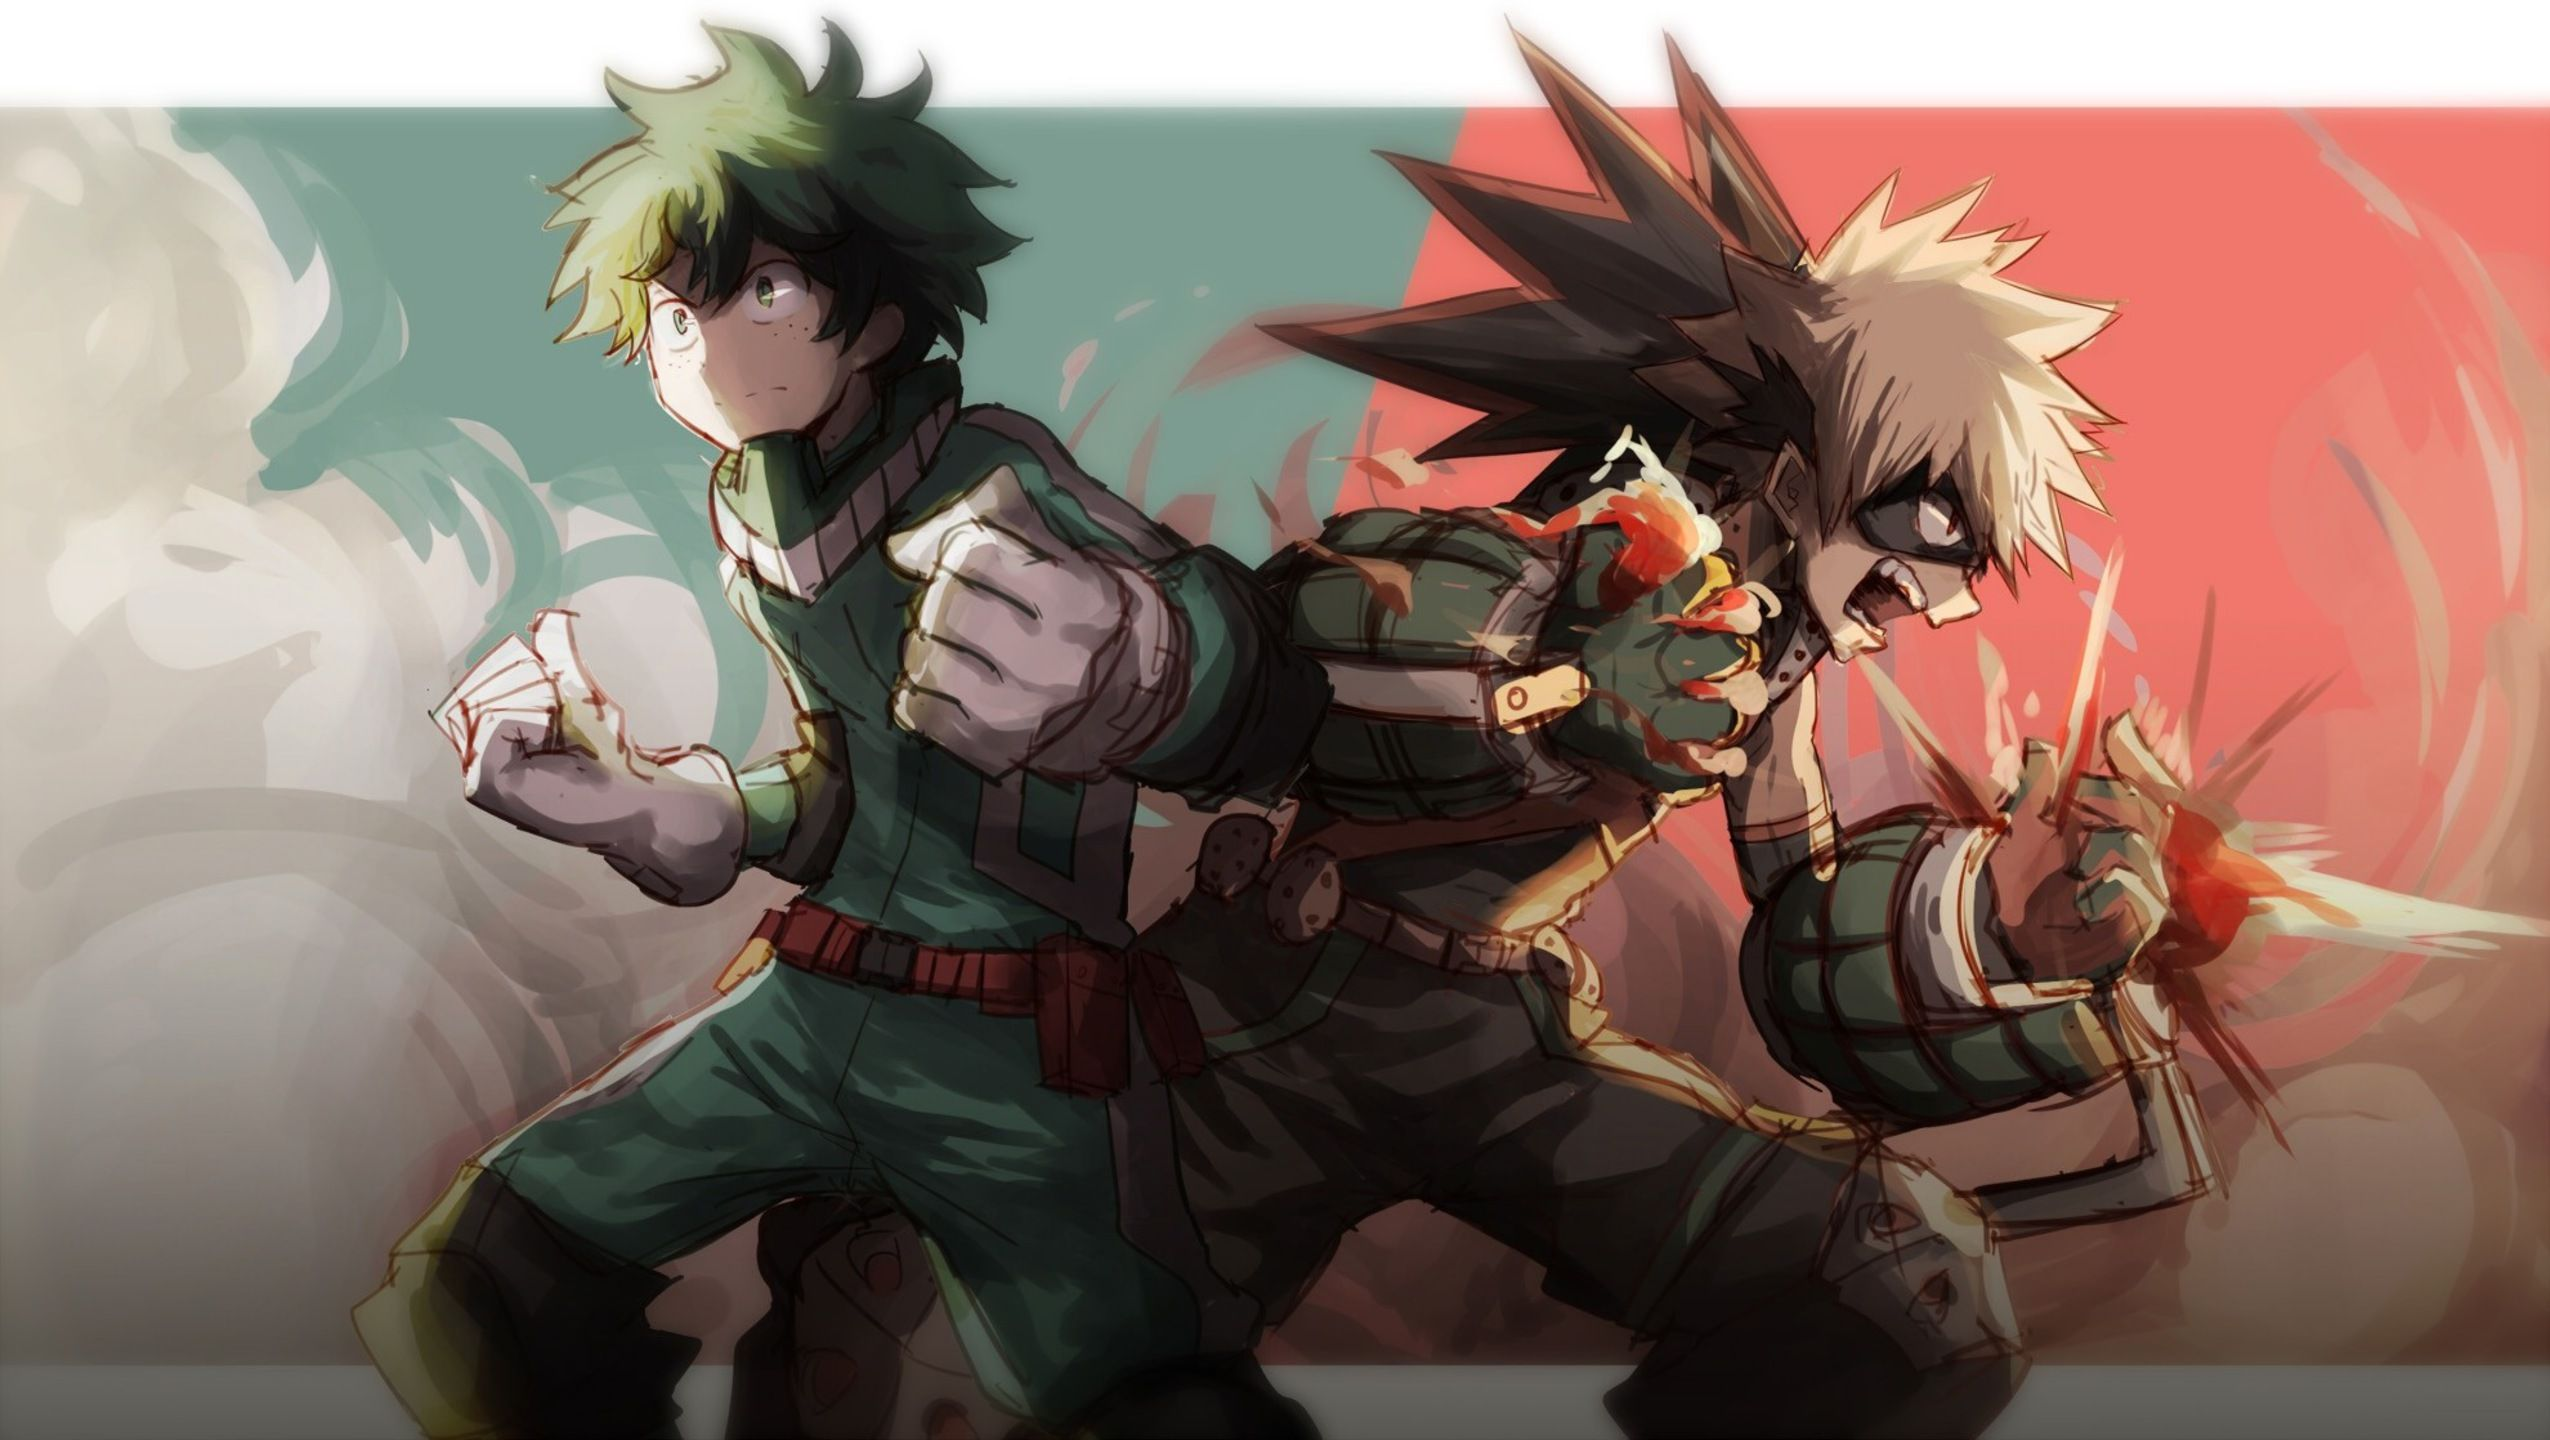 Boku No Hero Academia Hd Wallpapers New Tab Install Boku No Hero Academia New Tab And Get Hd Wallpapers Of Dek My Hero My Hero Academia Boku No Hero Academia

---

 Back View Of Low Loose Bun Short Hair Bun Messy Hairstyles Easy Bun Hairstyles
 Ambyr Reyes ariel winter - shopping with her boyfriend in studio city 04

Directions -
Above this instruction are the records; retype exactly the lines from the one containing "Back View Of" up to and including the one containing "Ambyr Reyes ariel".

Exercise output -
 Back View Of Low Loose Bun Short Hair Bun Messy Hairstyles Easy Bun Hairstyles
 Ambyr Reyes ariel winter - shopping with her boyfriend in studio city 04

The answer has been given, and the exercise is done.